Key findings (summarized by editorial):
- The authors first trained the machine learning models on 250 histomic features at the patch level and achieved an area under the receiver operating characteristic curve (AUROC) of 0.87 (95% confidence interval [CI], 0.73–1.00) and an accuracy of 0.90 (95% CI, 0.80–1.00) at the WSI (whole slide images) level in predicting treatment response.
- A subset of 18 histomic features exhibited comparable performance with an AUROC of 0.89 (95% CI, 0.71–0.96) and accuracy of 0.90 (95% CI, 0.80–1.00) to model using the full set of 250 features, indicating the potential for standardized practical application in clinical settings.
- The authors confirmed that the set of 18 histomic features demonstrated comparable performance on the real-world independent SickKids cohort7 (University of Toronto) with an AUROC of 0.85 (95% CI, 0.75–0.95) and accuracy of 0.85 (95% CI, 0.75–0.95) at the WSI level.
An important limitation on this study was that the population was 83% white, indicating that it may have less applicability in other cohorts.
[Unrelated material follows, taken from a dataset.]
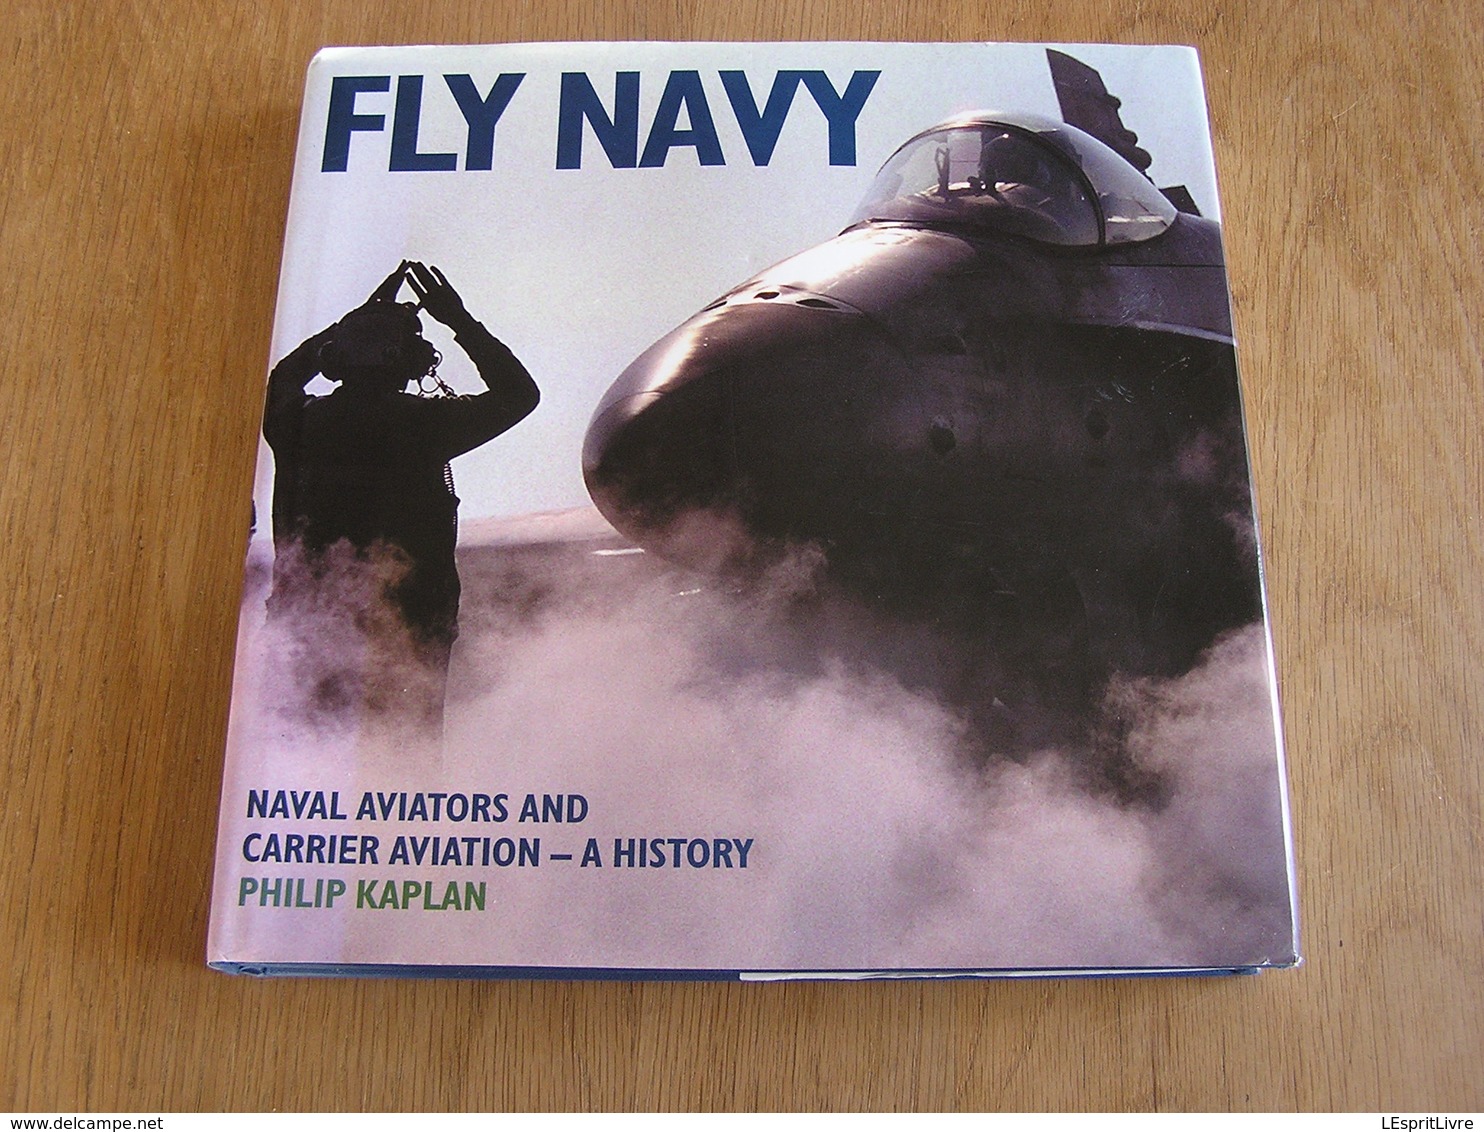 FLY NAVY Story Aviation Avion Aircraft Guerre 40 45 USAF Korea Vietnam World War 2 Carrier Pearl Harbor Naval Aviators - Guerres Impliquant US

My take (borrowed from editorial): Although this study focused solely on the therapeutic outcomes of mesalamine on treatment-naïve patients, it is anticipated that a comparable methodology (based on the fusion of machine learning and digital histopathology) could be applied in subsequent research to elucidate the necessity for colectomy, evaluate responses to biological agents, and optimize drug selection from the current armamentarium. In other words, this approach utilizing routine biopsy specimens may offer a pathway toward a precision personalized approach to managing pediatric-onset UC (and possibly IBD more broadly).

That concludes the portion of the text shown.